▶ _COLLECTED MATERIAL_:
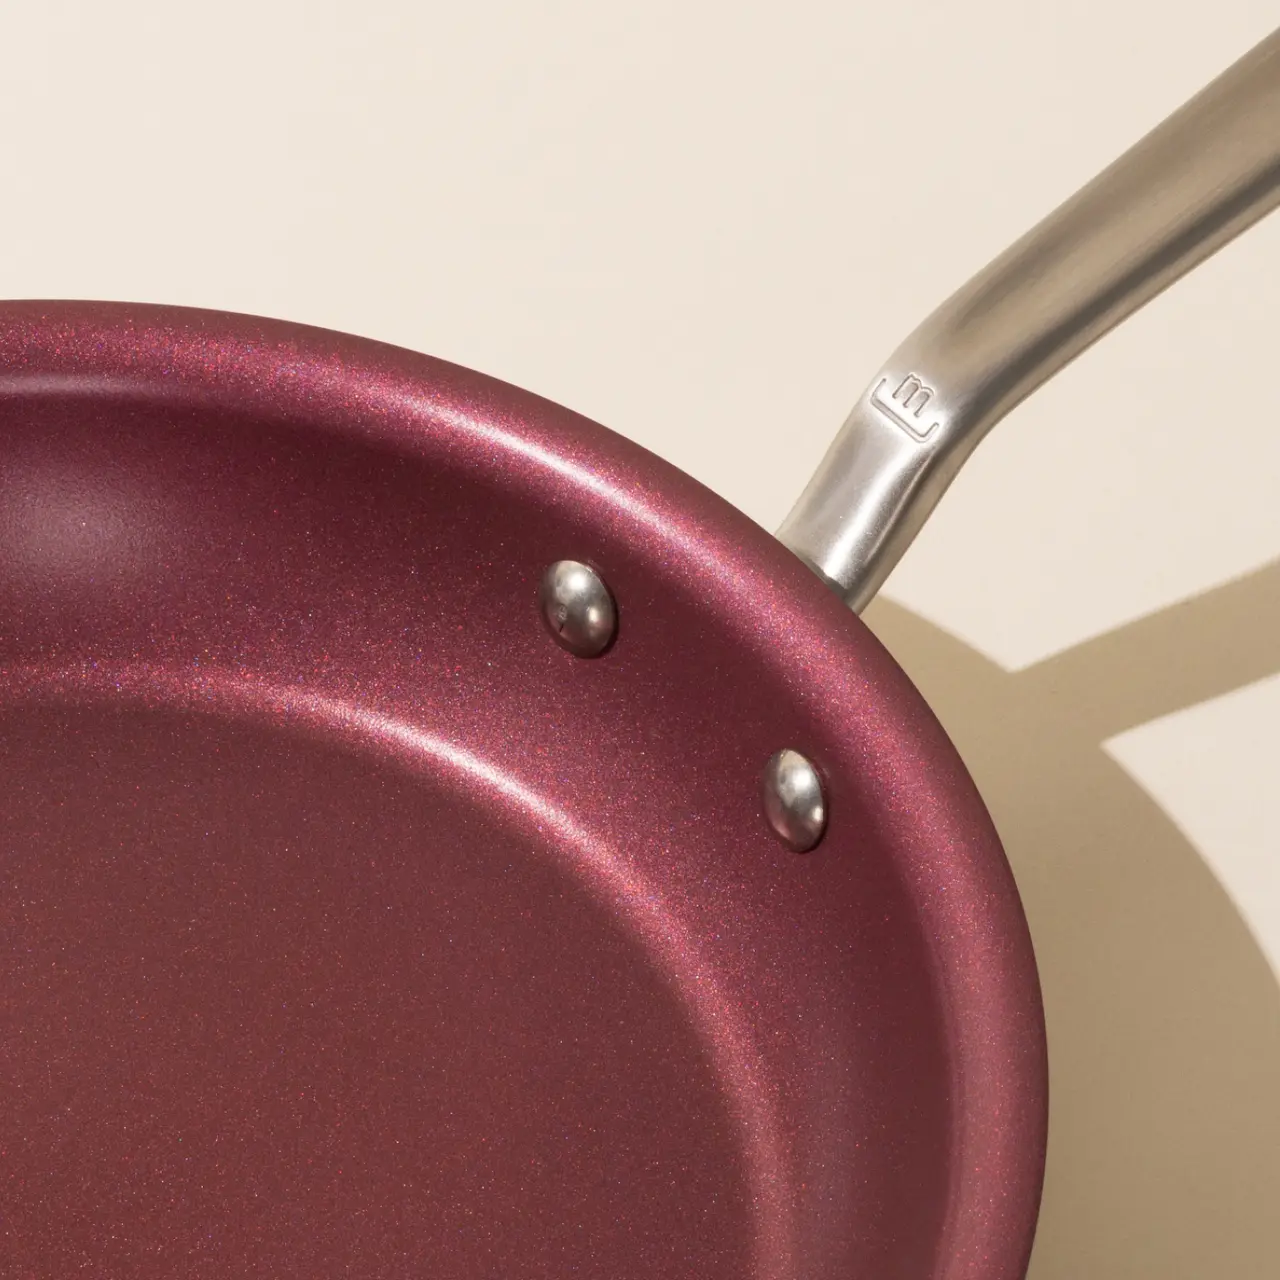 A close-up of a maroon non-stick frying pan with a silver handle, highlighting the smooth surface and two rivets attaching the handle.
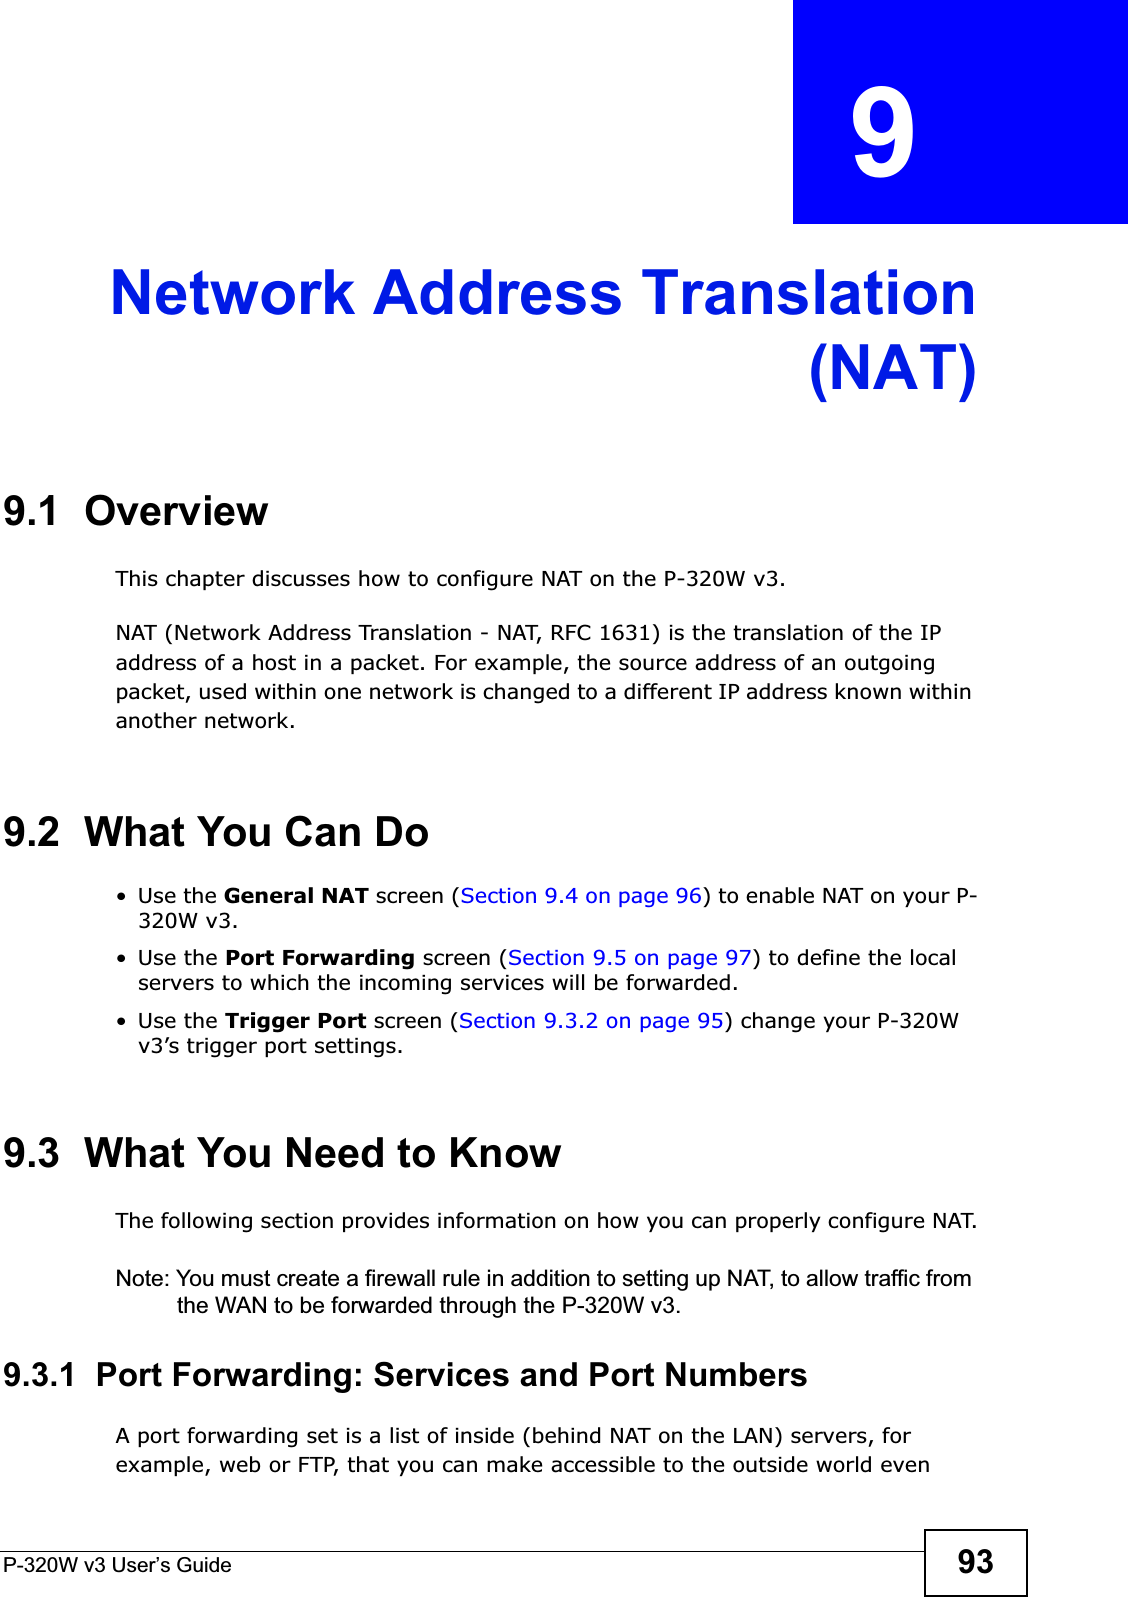 P-320W v3 User’s Guide 93CHAPTER  9 Network Address Translation(NAT)9.1  OverviewThis chapter discusses how to configure NAT on the P-320W v3.NAT (Network Address Translation - NAT, RFC 1631) is the translation of the IP address of a host in a packet. For example, the source address of an outgoing packet, used within one network is changed to a different IP address known within another network.9.2  What You Can Do•Use the General NAT screen (Section 9.4 on page 96) to enable NAT on your P-320W v3.•Use the Port Forwarding screen (Section 9.5 on page 97) to define the local servers to which the incoming services will be forwarded.•Use the Trigger Port screen (Section 9.3.2 on page 95) change your P-320W v3’s trigger port settings.9.3  What You Need to KnowThe following section provides information on how you can properly configure NAT.Note: You must create a firewall rule in addition to setting up NAT, to allow traffic from the WAN to be forwarded through the P-320W v3.9.3.1  Port Forwarding: Services and Port NumbersA port forwarding set is a list of inside (behind NAT on the LAN) servers, for example, web or FTP, that you can make accessible to the outside world even 
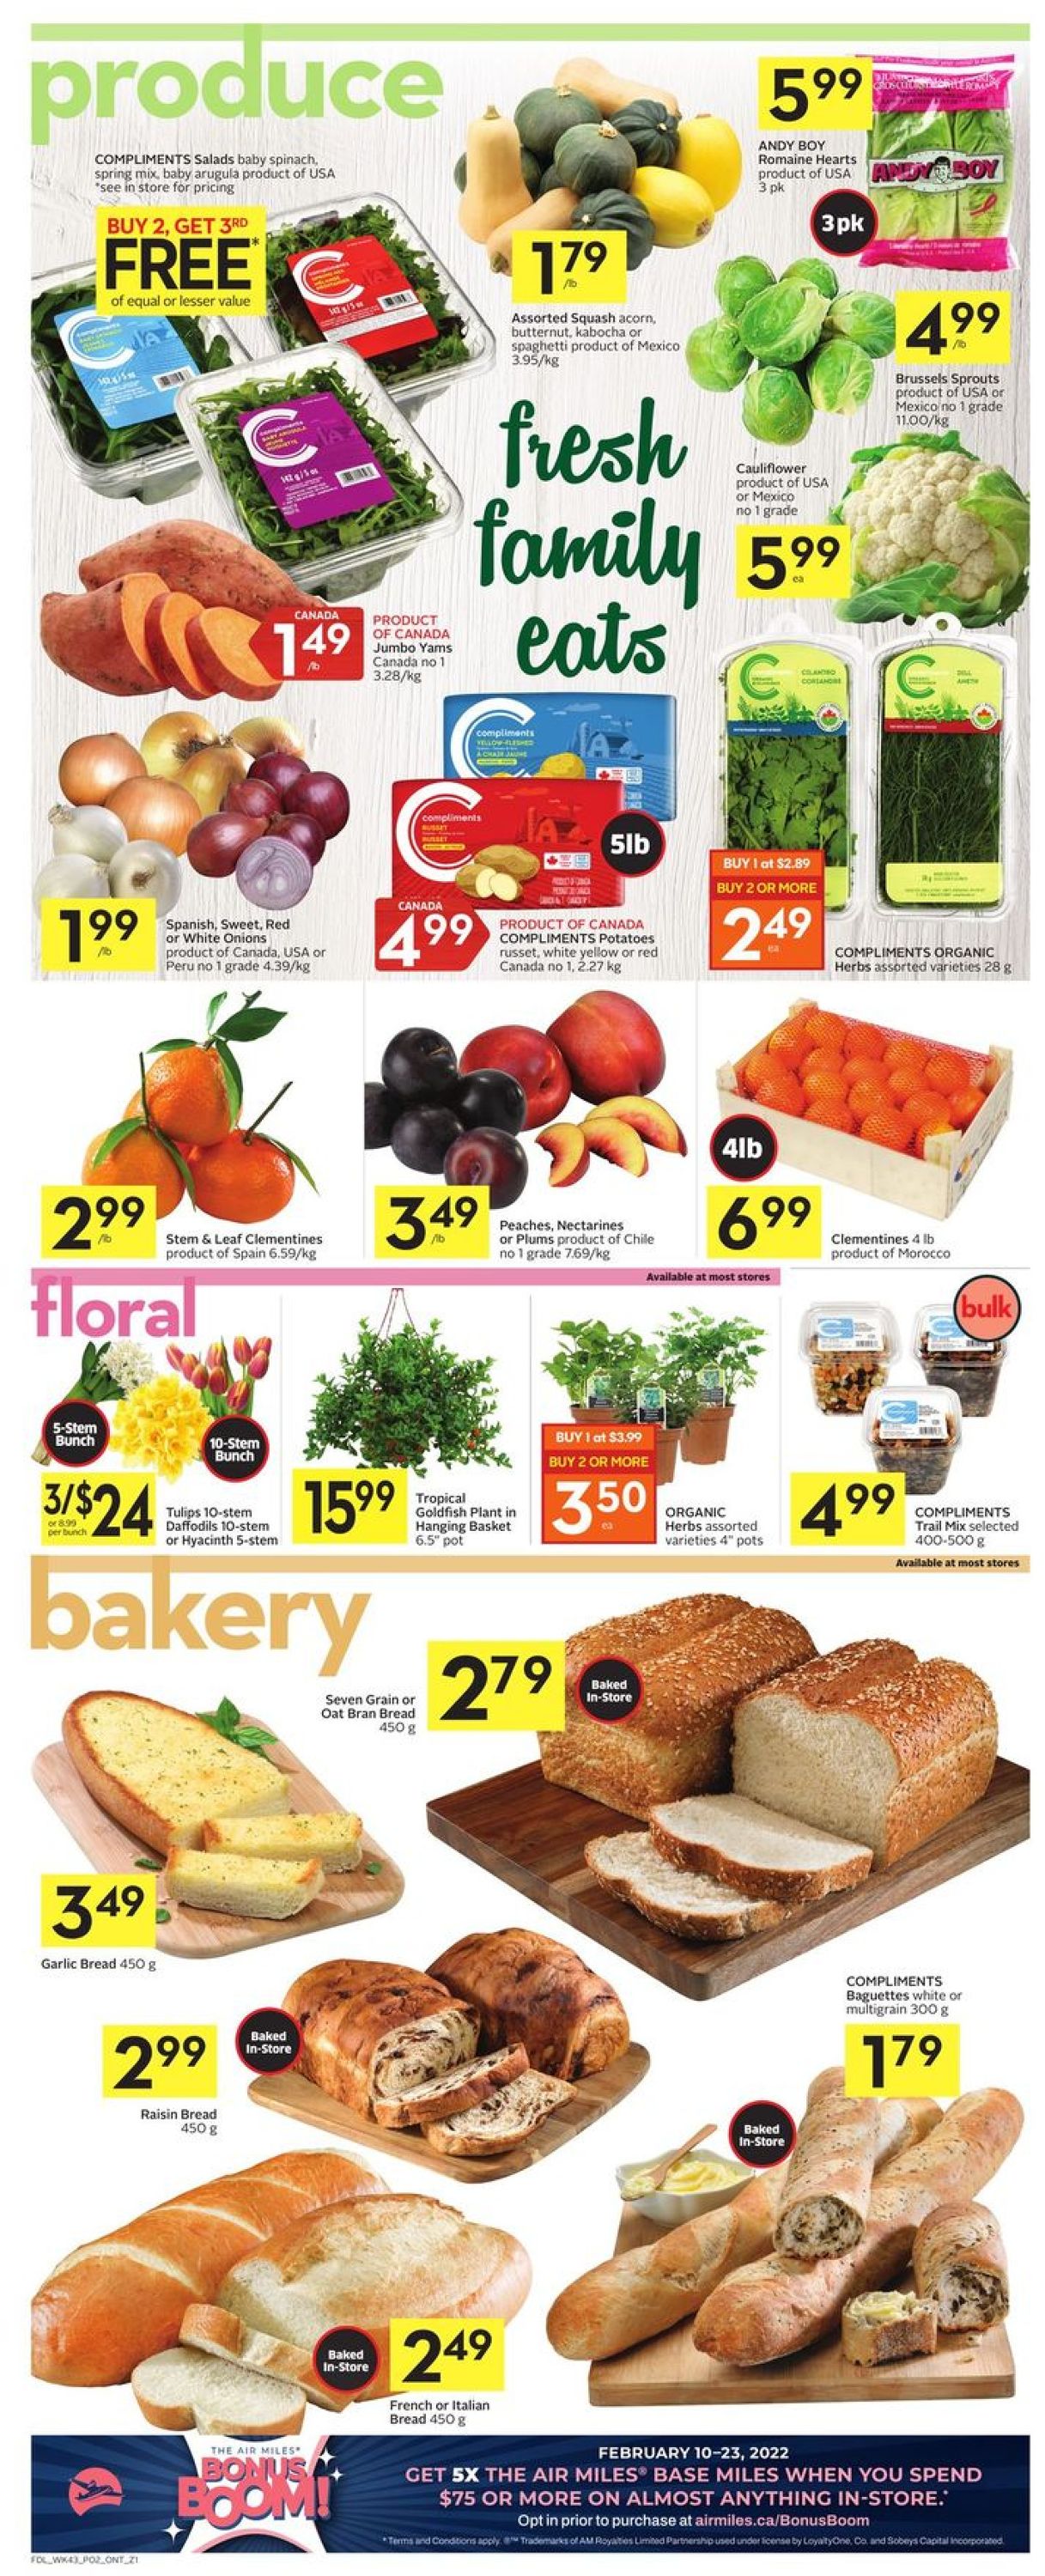 Foodland Flyer from 02/17/2022

▶ _BRIEF_:
Please write out the entire listing above exactly, but leave the pictures out.

▶ _RESULT FOR THIS EXERCISE_:
 A close-up of a maroon non-stick frying pan with a silver handle, highlighting the smooth surface and two rivets attaching the handle.
 P-320W v3 User’s Guide 93CHAPTER  9 Network Address Translation(NAT)9.1  OverviewThis chapter discusses how to configure NAT on the P-320W v3.NAT (Network Address Translation - NAT, RFC 1631) is the translation of the IP address of a host in a packet. For example, the source address of an outgoing packet, used within one network is changed to a different IP address known within another network.9.2  What You Can Do•Use the General NAT screen (Section 9.4 on page 96) to enable NAT on your P-320W v3.•Use the Port Forwarding screen (Section 9.5 on page 97) to define the local servers to which the incoming services will be forwarded.•Use the Trigger Port screen (Section 9.3.2 on page 95) change your P-320W v3’s trigger port settings.9.3  What You Need to KnowThe following section provides information on how you can properly configure NAT.Note: You must create a firewall rule in addition to setting up NAT, to allow traffic from the WAN to be forwarded through the P-320W v3.9.3.1  Port Forwarding: Services and Port NumbersA port forwarding set is a list of inside (behind NAT on the LAN) servers, for example, web or FTP, that you can make accessible to the outside world even 
 Foodland Flyer from 02/17/2022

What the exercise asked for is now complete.